Chapter 7 GitHub Best Practices
Now that you have a GitHub account and are set up on GitHub Desktop or RStudio, we will bestow upon you some additional best practices.
7.1 Use a unique repository for each project
You can host multiple projects on GitHub at the same time but it would be a mistake to use one repository to store information about multiple projects. Make sure you maintain a unique repository for each project. Like folders on your computer, this will keep your code organized and your brain happy.
7.2 Use branches to avoid heartache
As you learned in Chapter 5 a branch
is a way work on alternative versions of your scripts (e.g., a new feature or modification), while not affecting the original (i.e., the main or default branch). It is good practice to work on short-lived branches, so that merging is easier and so that you are not risking breaking what is already working!
7.3 Create a meaningful .gitignore
file
.gitignore
files are plain text files that instruct the program on predefined files that should be ignored.
Specifically, GitHub has a file size limit. It is therefore best suited to storing your R scripts and other related files (e.g., README
), but not raw data and large output files. These files should be save elsewhere on your computer and backed up on your cloud storage. This also allows you to share scripts publically, but to keep potentially sensitive data separate.
Recall that during the creation of your first repo
we selected the R .gitignore
file template, which will be saved in your root folder. You can open this file in RStudio and add or remove any file types.
For example:
.pdf
.csv
.xlsx
7.4 Define the code owner
It is important that you give yourself credit for the code you create, and likewise give others credit for the code they created. If you borrow or modify code from another source, this is OK! Just make sure you give credit where credit is due. Similarly, if you are collaborating on code development, define the roles of each author. This can be done at the front end of your scripts and interspersed within the script.
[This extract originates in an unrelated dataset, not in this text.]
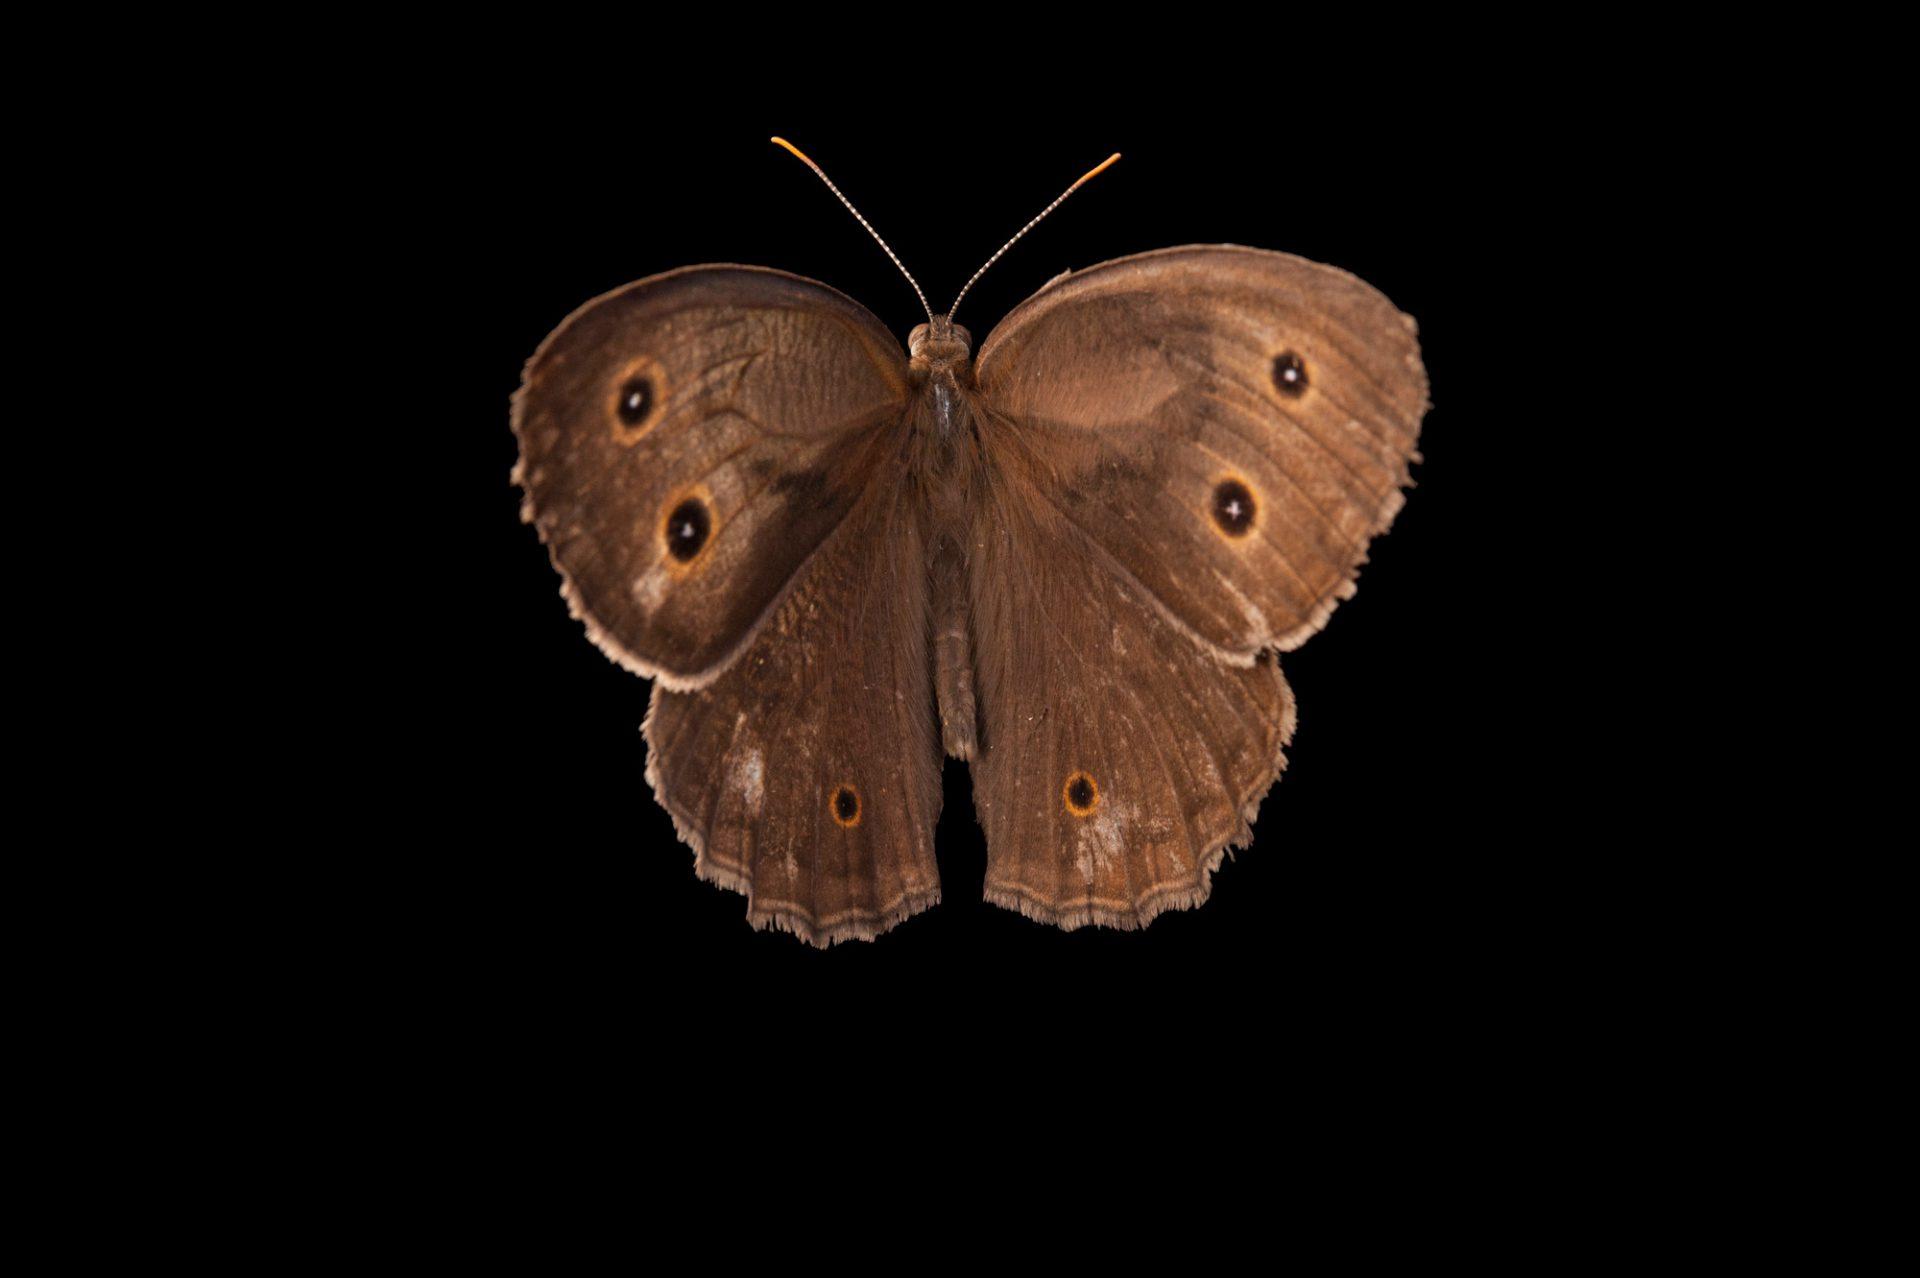 A common wood-nymph (Cercyonis pegala) from Dieken Prairie near Undadilla, Nebraska.

GitHub has a built-in code owners feature that allows you to grant access to a particular group of staff or partners. Only verified code owners will be able to edit or review the project. The code owner feature can be used for more than assigning individuals to work on the repository. It can automatically assign teams and grant them permission to work on the project and maintain the repository. Birds Canada will be using the team and code owner feature to manage scripts that are shared.
7.5 Don’t let your password leak into your code
While it seems obvious that you should not share your password, you might accidentally save this in your source code and commit
it to GitHub. For example, when downloading data from NatureCounts using the R package, you might be inclined to save your username and password in your source code. Ensure this isn’t the case before you commit
!
7.6 Don’t commit a crime
Make small commits and make them often. Each commit should reflect changes that are easily accompanied by a single and informative commit message. For example:
- “Change made to analysis model fit code”
You should try to refrain from making a lot of changes to a lot of sections of your code making a mixed-commit. For example:
- “Major changes to analysis, data manip, and bookdown yml.”
If you need to revert any files, or even just check your history of file changes, you will be happy you made consistent and well detailed commits.